ADR-0011: Graph Architecture (GraphRAG)

Status: DEPRECATED (Superseded by ADR-0026) Date: 2026-01-06 Author: Antigravity Task: Task-020

Context

Jorvis currently relies on a Hybrid Retriever (Semantic + Keyword) to find relevant tables for user queries. While effective for simple questions, this approach struggles with:

  1. Multi-hop Reasoning: Queries like "Revenue per Customer in North Region" require traversing Sales -> Customer -> Region. Vector search often misses the intermediate Customer table if it doesn't semantic match the query terms heavily.
  2. Ambiguity: Distinguishing between "Product" (Entity) and "Product Category" (Dimension) is difficult without structural context.
  3. Hallucination Risks: LLMs generate invalid JOINs if they guess relationships not present in the schema.

Decision

We will implement a Knowledge Graph using Apache AGE (A Graph Extension for PostgreSQL).
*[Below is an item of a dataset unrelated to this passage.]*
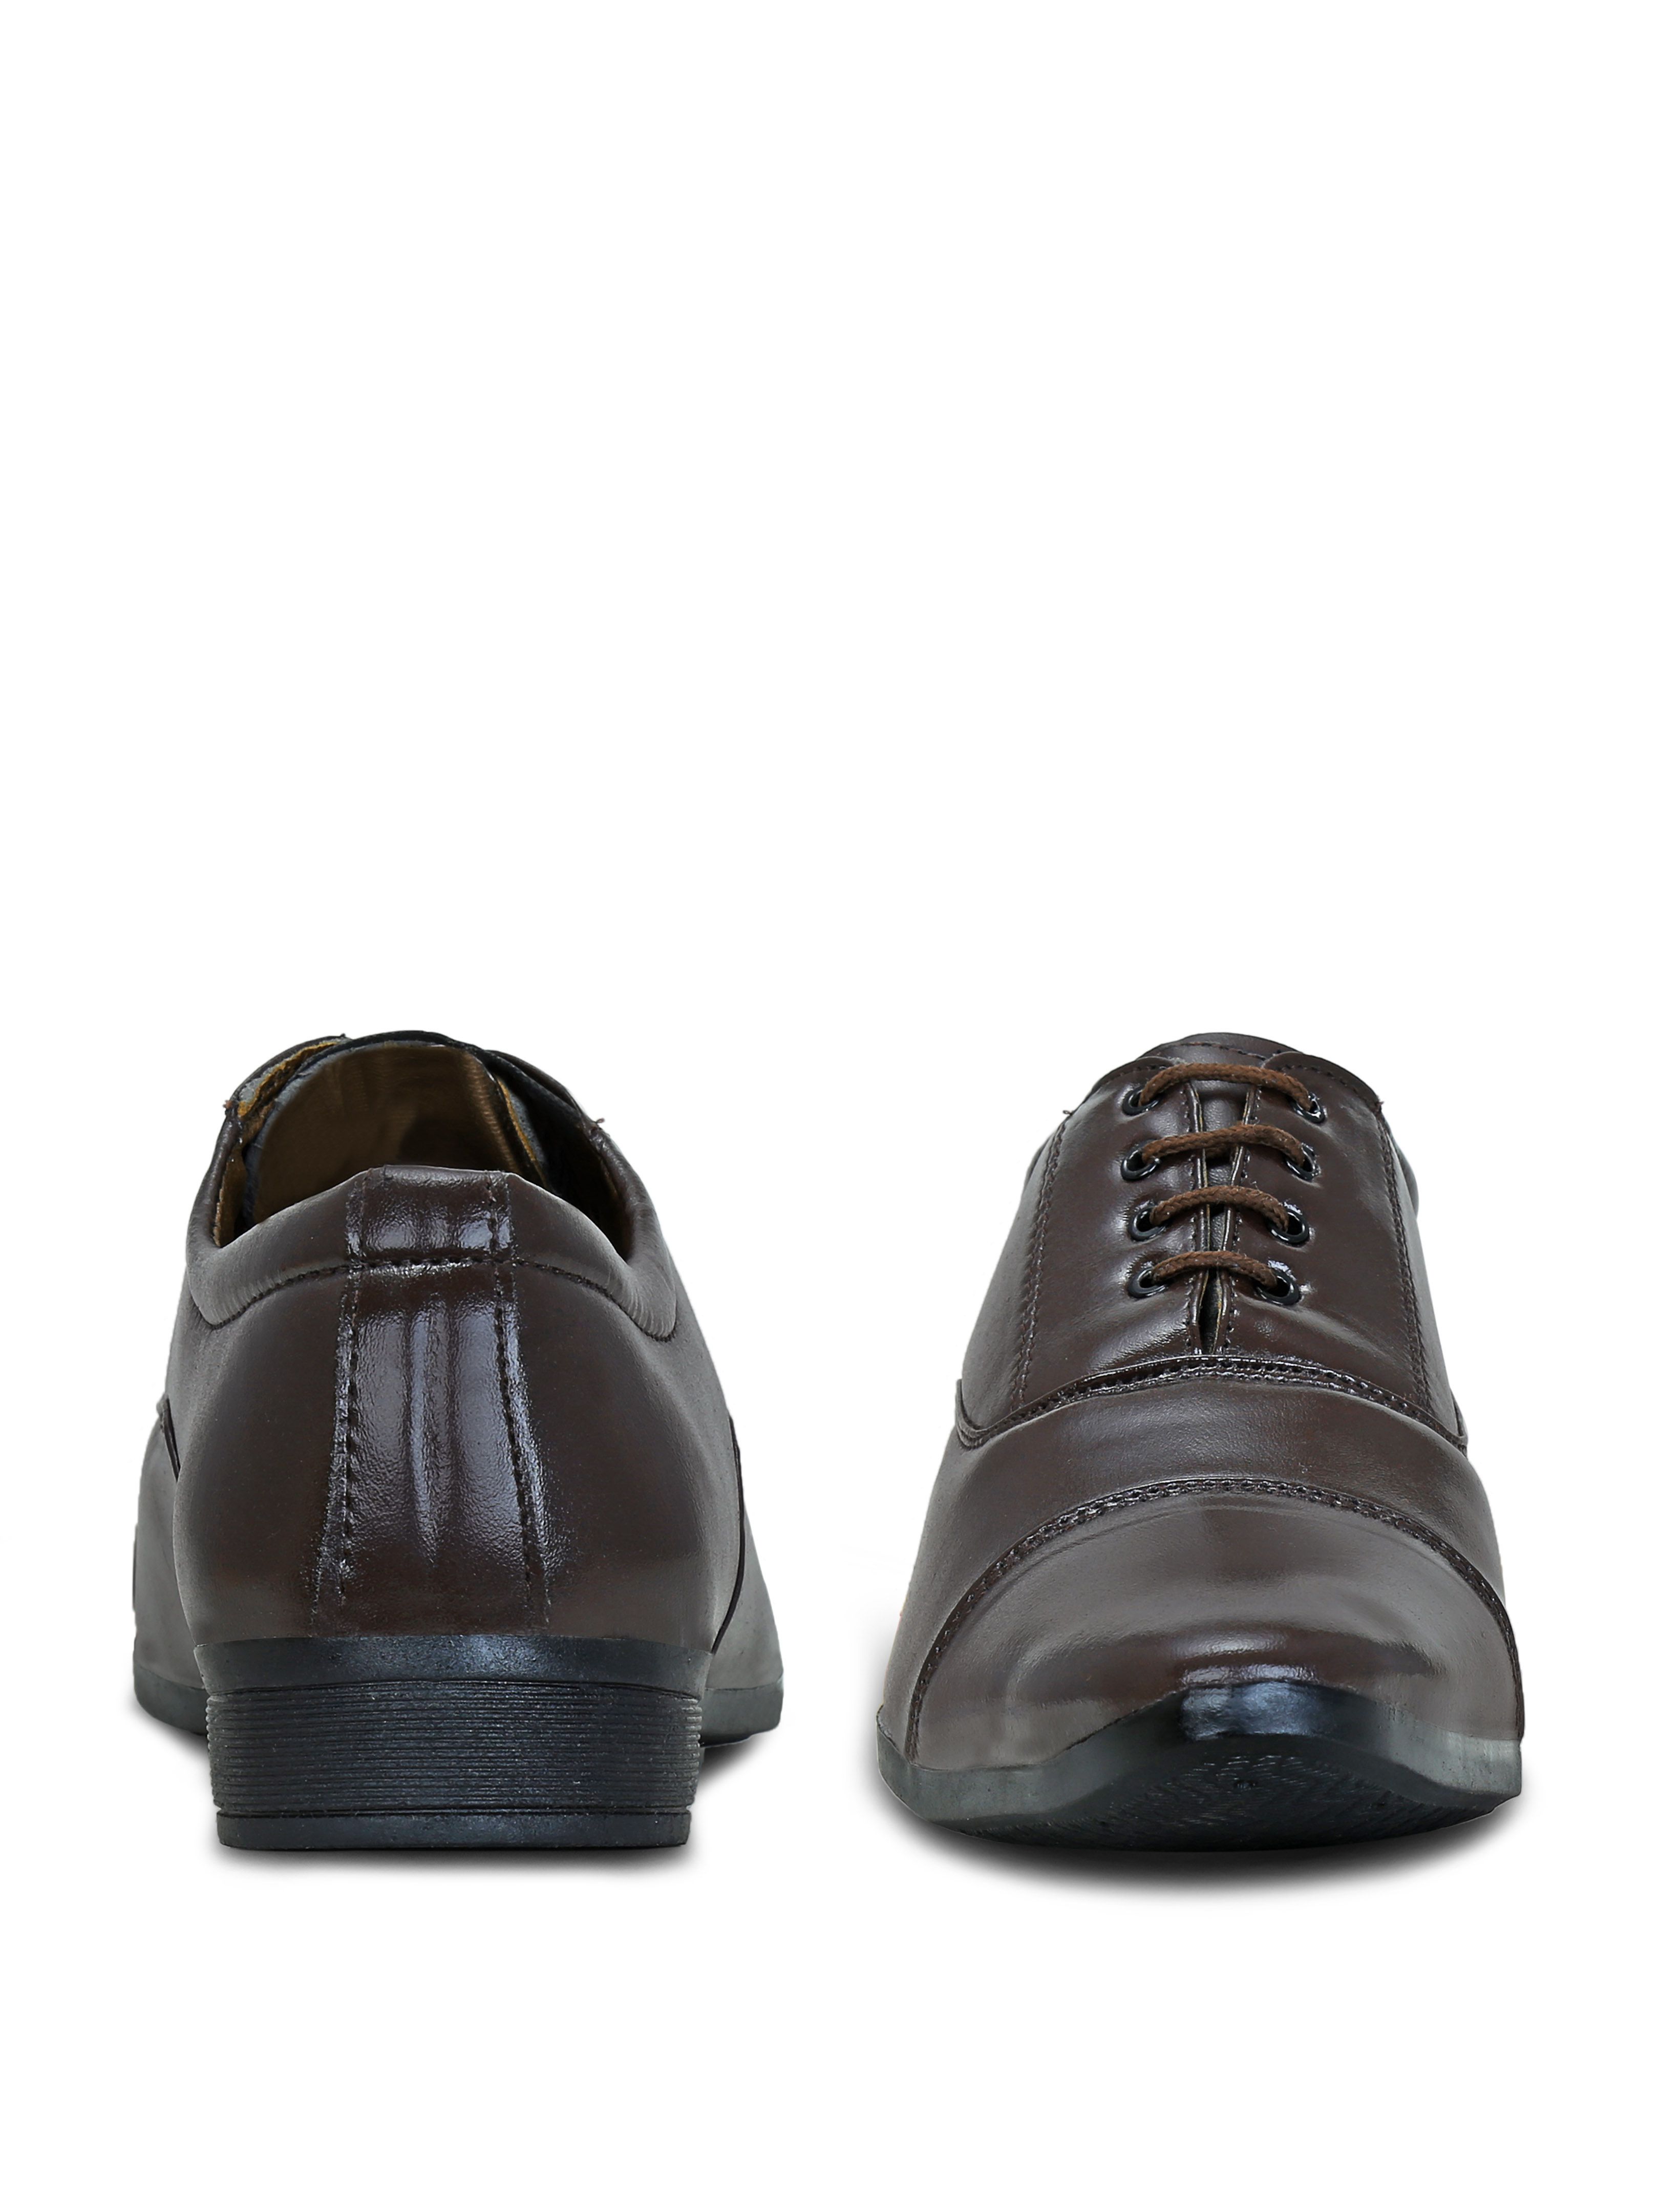 Get Glamr Oxfords Non-Leather Brown Formal Shoes Price in India- Buy ...

1. Technology Choice: Apache AGE

  • Why: It allows us to keep the graph data inside Postgres (or strictly adjacent), leveraging existing backups, tooling, and SQL skills. It supports OpenCypher, the industry standard for graph queries.
  • Alternatives Considered:
    • Neo4j: Powerful but requires a heavy JVM sidecar and separate licensing/infra.
    • NetworkX (In-Memory): Too slow for large schemas and lacks persistence.
    • Recursive SQL: Too complex to maintain for flexible pathfinding.

2. Graph Schema Design

The Knowledge Graph will consist of the following Nodes and Edges:

Nodes:

  • (:Table {name: 'schema.table', description: '...'})
  • (:Column {name: 'col_name', type: 'varchar'})
  • (:Metric {name: 'Revenue', definition: 'SUM(amount)'}) (Future)
  • (:BusinessConcept {name: 'Churn'}) (Future)

Edges:

  • (:Table)-[:HAS_COLUMN]->(:Column)
  • (:Column)-[:FOREIGN_KEY_TO]->(:Column) (Structural Link)
  • (:Table)-[:SEMANTICS]->(:BusinessConcept) (Glossary Link)

3. Integration Strategy (Post-Retrieval)

GraphRAG will be applied Post-Retrieval (Reranking/Expansion phase):

  1. Retrieve: Hybrid Retriever gets Top-K tables (e.g., 5).
  2. Expand: Query the Graph to find immediate neighbors (tables joined by FK) of the Top-K.
  3. Prune: Use an LLM or heuristic to keep only relevant neighbors (e.g., Customer connects Sales and Region).
  4. Context: Feed the subgraph schema to the SQL generation prompt.

4. Data Sync

  • Hydration: A script (schema_to_graph.py) will parse INFORMATION_SCHEMA and Glossary to rebuild the graph periodically (e.g., on deployment or schema change).

Consequences

  • Positive:
    • Explicit modeling of JOIN paths reduces hallucinated SQL.
    • Can answer "How are X and Y related?" deterministically.
  • Negative:
    • Introduces a dependency on the age extension (requires compatible Postgres version, currently PG16/17).
    • Requires a new sync pipeline (schema_to_graph.py).

Implementation Plan

  1. PoC (Done): Verified AGE (PG17) and metadata ingestion in scripts/research/graphrag-poc/.
  2. Infra (Task-021): Add AGE container to global docker-compose.yml (or enable extension in main DB if supported).
  3. Service (Task-021): Create GraphService in analytics-platform to wrap Cypher queries.
  4. FK Extraction (Task-021): Implement FOREIGN_KEY edge creation from information_schema.key_column_usage.

Approval

  • Approved by: Claude-code (Architect)
  • Date: 2026-01-06
  • Notes: Research phase complete. Implementation deferred to Task-021.